Representative FACS plots of kidney neutrophils at day 3 PI with WT and KWN6. B Neutrophils expressed as percent of CD45+ cells (left panel) and as absolute numbers per kidney (right). C. Macrophages expressed as percent of CD45+ cells (left panel) and as absolute numbers per kidney (right). D. Top panels show transverse MR images of 8 week old BALB/c mice 24 h post injection of USPIO agent. Images are representative of at least three non-infected mice per group (left panels), Candida infected (middle panels), and infected with KWN6 strain (right panels). Small localized candida colonization by KWN6 is indicated by arrowheads. Massive phagocytic infiltration in kidneys infected with WT is demonstrated by T2* spoiled signal in the kidney cortex and medulla. Lower panels show GMS and H&E stained sections indicating colonization and inflammatory reactions in the respective kidneys imaged in the top panels.

Figure 5. Effects of Dur1,2p expression in C. albicans on host serum cytokines and chemokines.
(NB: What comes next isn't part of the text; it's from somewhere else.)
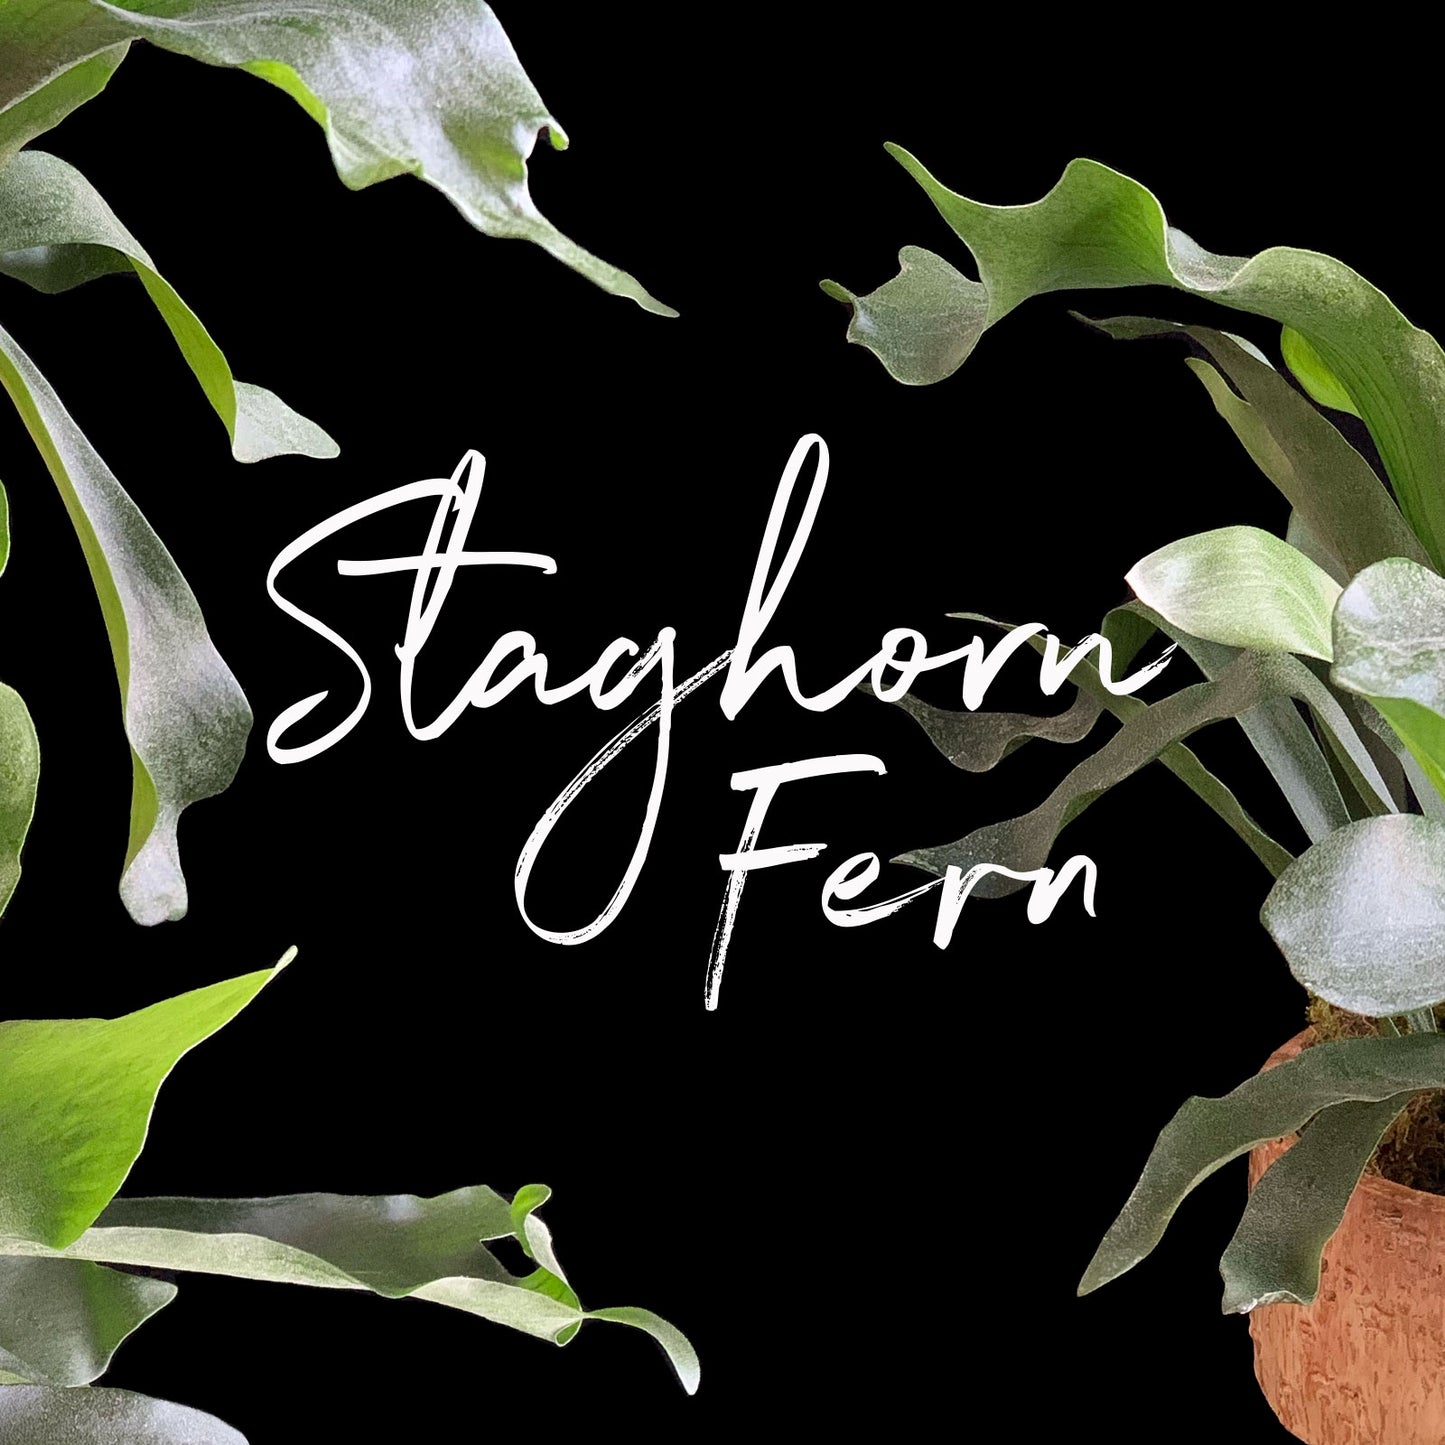 An image featuring the text ‘Staghorn Fern’ in elegant white script, surrounded by green staghorn fern leaves against a black background. Order online for same-day flower delivery from the best florist in Toronto near you.

Serum levels of the indicated proteins were assessed at 1 to 5 days PI for mice infected iv with WT (gray bars) or KWN6 (open bars). Values at time 0 are mean values determined for sera from 5 control mice, and other data are mean ± standard deviation for 3 mice at each time point. *  =  p<0.05; **  =  p<0.01; ***  = p<0.001.

Figure 6. Effects of Dur1,2p expression in local inflammatory markers in infected kidneys.

(A) Concentrations of cytokines and chemokines in kidney extracts from C. albicans-infected mice at 1 to 5 days PI. Values at time 0 are mean values determined for sera from 5 control mice, and other data are mean ± standard deviation for 5 mice at each time point. Mice were infected iv using the wild type strain A72 or the dur1,2 mutant strain KWN6. Asterisks above an individual bar indicate that the serum value for that protein was significantly greater in mice infected with WT C. albicans than in mice infected with KWN6, *  =  p<0.05; **  =  p<0.01; **** = p<0.0001. (B) Kidney iNOS expression in cellular infiltrates. Left panels represent WT infected kidneys, and right panels represent KWN6 infected kidneys. Upper panels show Candida colonization detected using GMS stain. Lower two panels show micrographs from the same area of an adjacent section stained using an antibody. Arrows indicate regions positive for iNOS (brown stain). Scale bar  = 100 µm.